Another important finding of our study, similar to that of previous investigators, is that many high-risk patients with severe AS do not undergo surgical AVR (Figure 1). In fact, only 56% of our patients underwent AVR. While all of our patients were initially referred for CAS with the expectation of AVR, a substantial number did not ultimately have surgery for a number of reasons including patient preference and prohibitive surgical risk.
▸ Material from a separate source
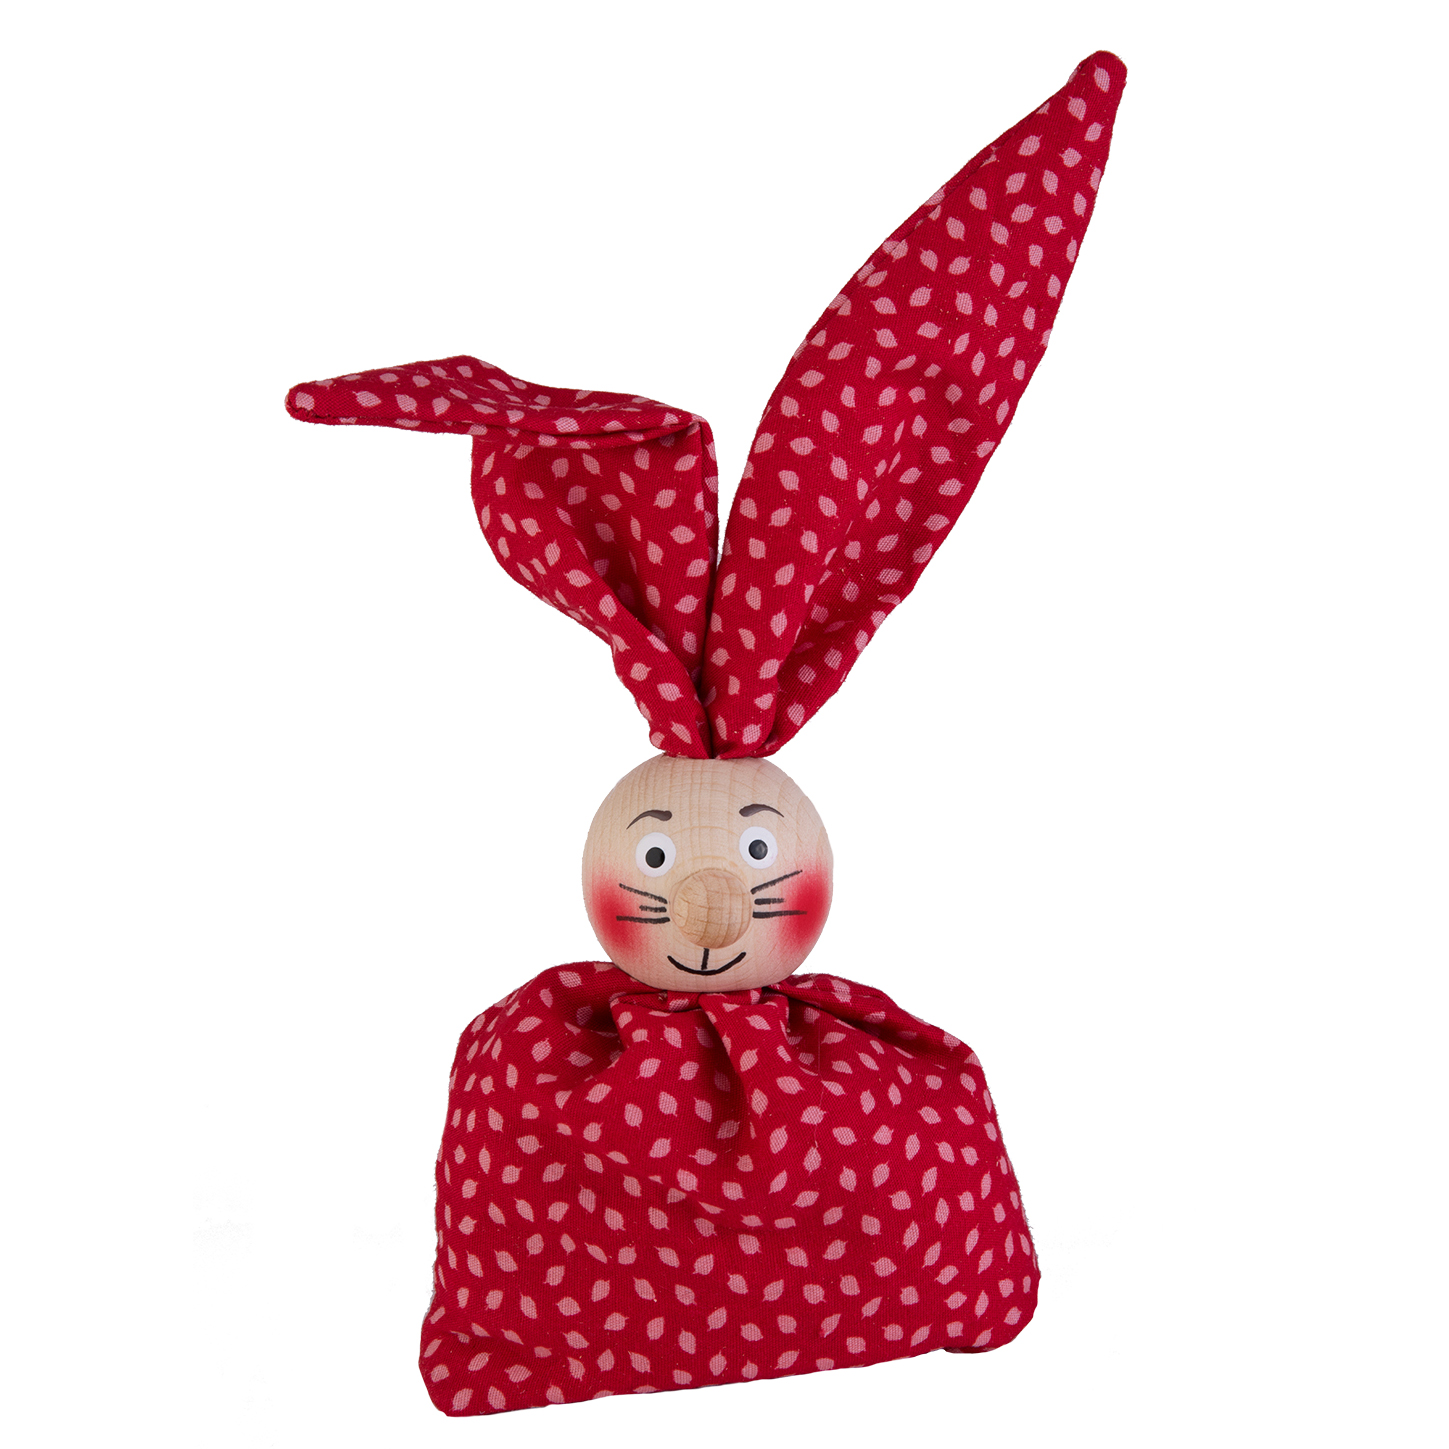 Bunny Hopsy - pine bag sleep aid by KERSA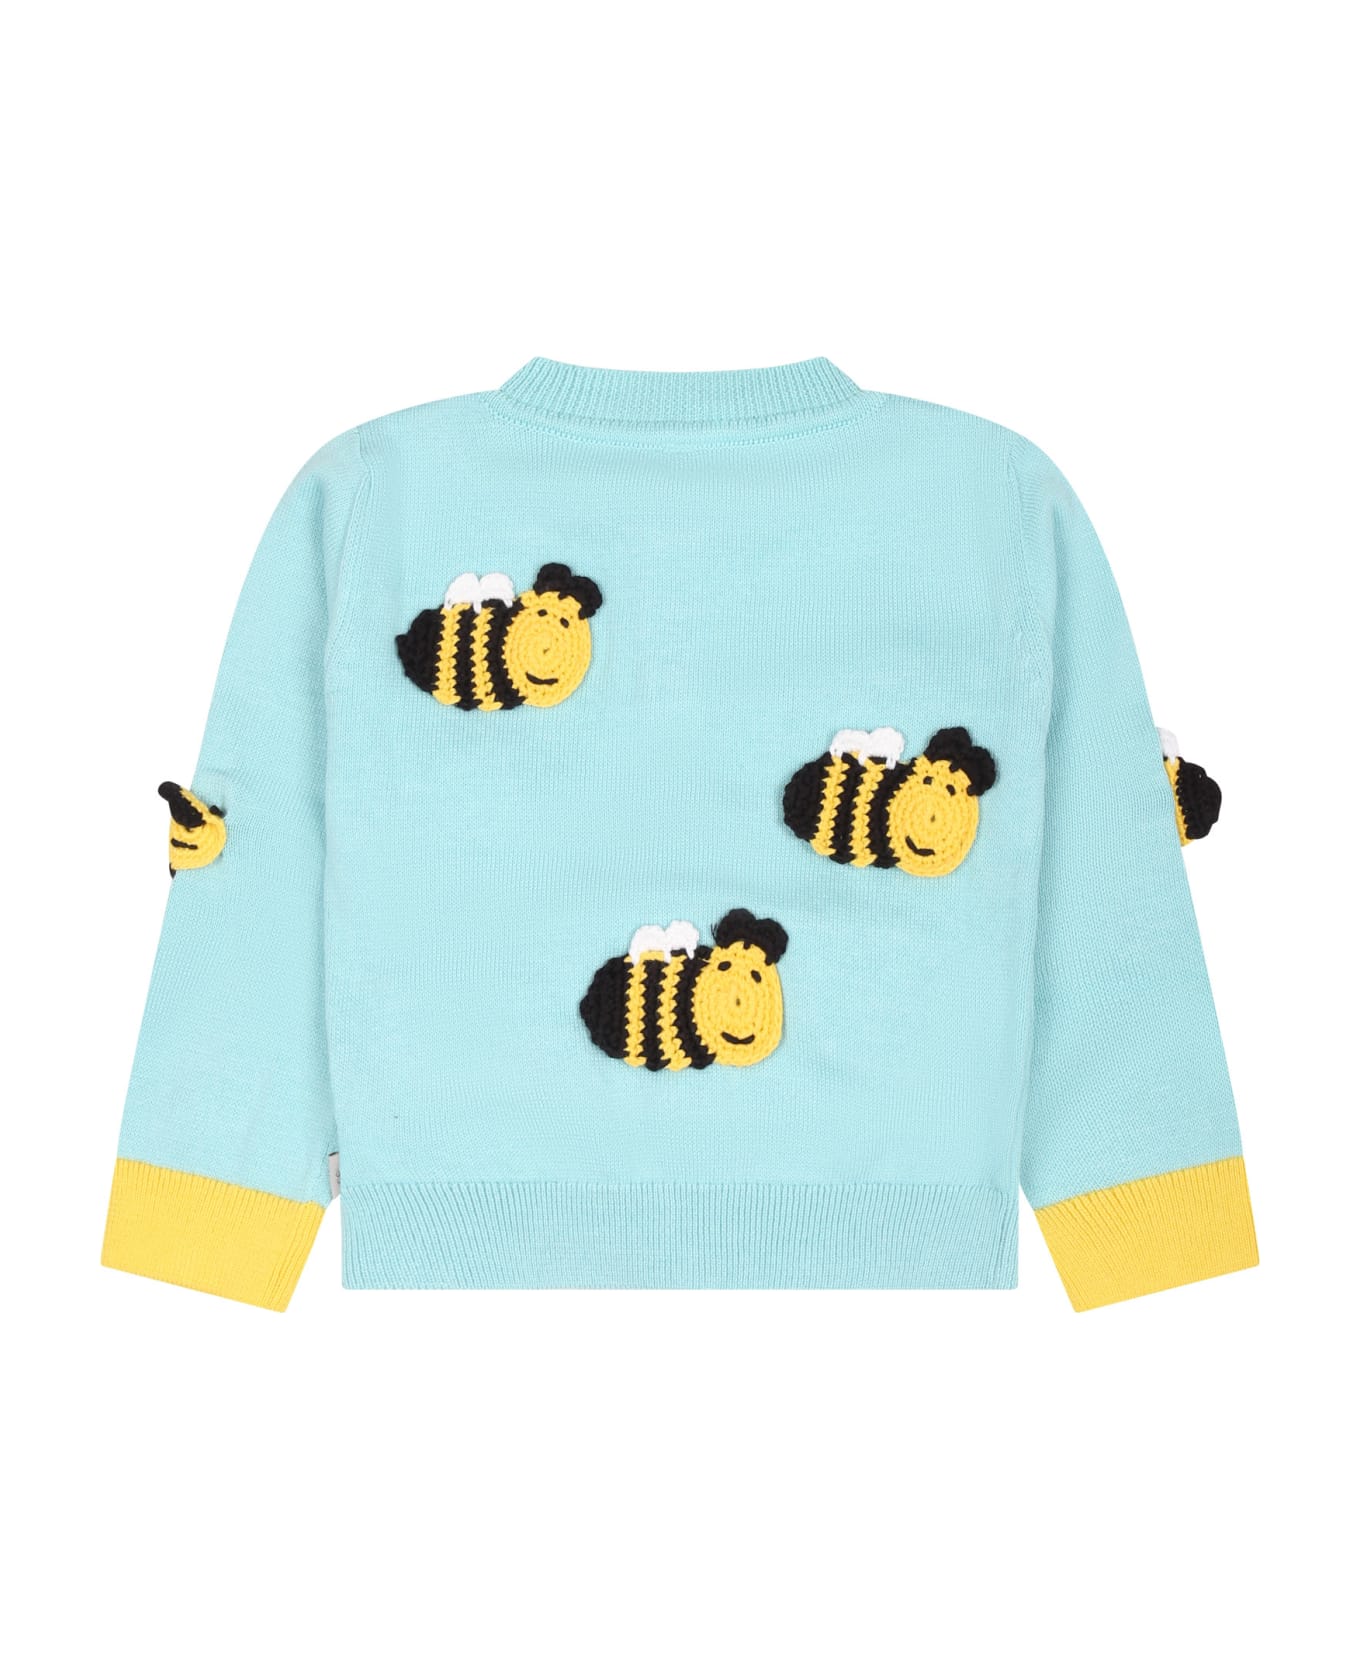 Stella McCartney Kids Light Blue Cardigan For Baby Girl With Bees - Celeste

With the increasing availability of transcatheter aortic valve implantation (TAVI), many of these patients may be offered percutaneous management of their AS. Even without AVR, however, carotid revascularisation may still be beneficial in the patients with asymptomatic severe carotid stenosis when performed with a reasonable complication rate, and clinical trials of CAS in these high-risk patients are currently ongoing30,31.
Limitations
Though clinical events were collected prospectively in the carotid stenting database, we did conduct a retrospective chart review with all of the limitations inherent to the same. Our study includes a small number of patients and therefore, while the results are encouraging, can still only be considered hypothesis-generating. We did not have a control group, and therefore cannot compare the strategy of CAS in the setting of severe aortic stenosis with CEA. However, given the success of carotid stenting in patients with aortic stenosis at our institution, many patients presenting with this scenario have been referred for percutaneous treatment in the last several years. Lastly, our study is from a single centre with experienced operators; therefore, it may not be applicable to other settings.
Conclusion
The data provided here are, to our knowledge, the first thorough report of carotid stenting in patients with severe AS. Protected carotid stenting is a valuable strategy in the management of patients with severe carotid disease and severe aortic stenosis. Recent developments in transcatheter aortic valve implantation (TAVI) heralds a new era for elderly patients with multiple comorbidities who have severe AS and severe carotid disease. Future studies may assess the safety and efficacy of a completely percutaneous approach (CAS followed by TAVI) for improving the outcome of patients who are at high risk for traditional AVR despite successful carotid stenting. Ultimately, a close collaboration between peripheral and structural interventionalists as well as cardiac surgeons is imperative in developing a cohesive, multidisciplinary plan of care for these high-risk patients.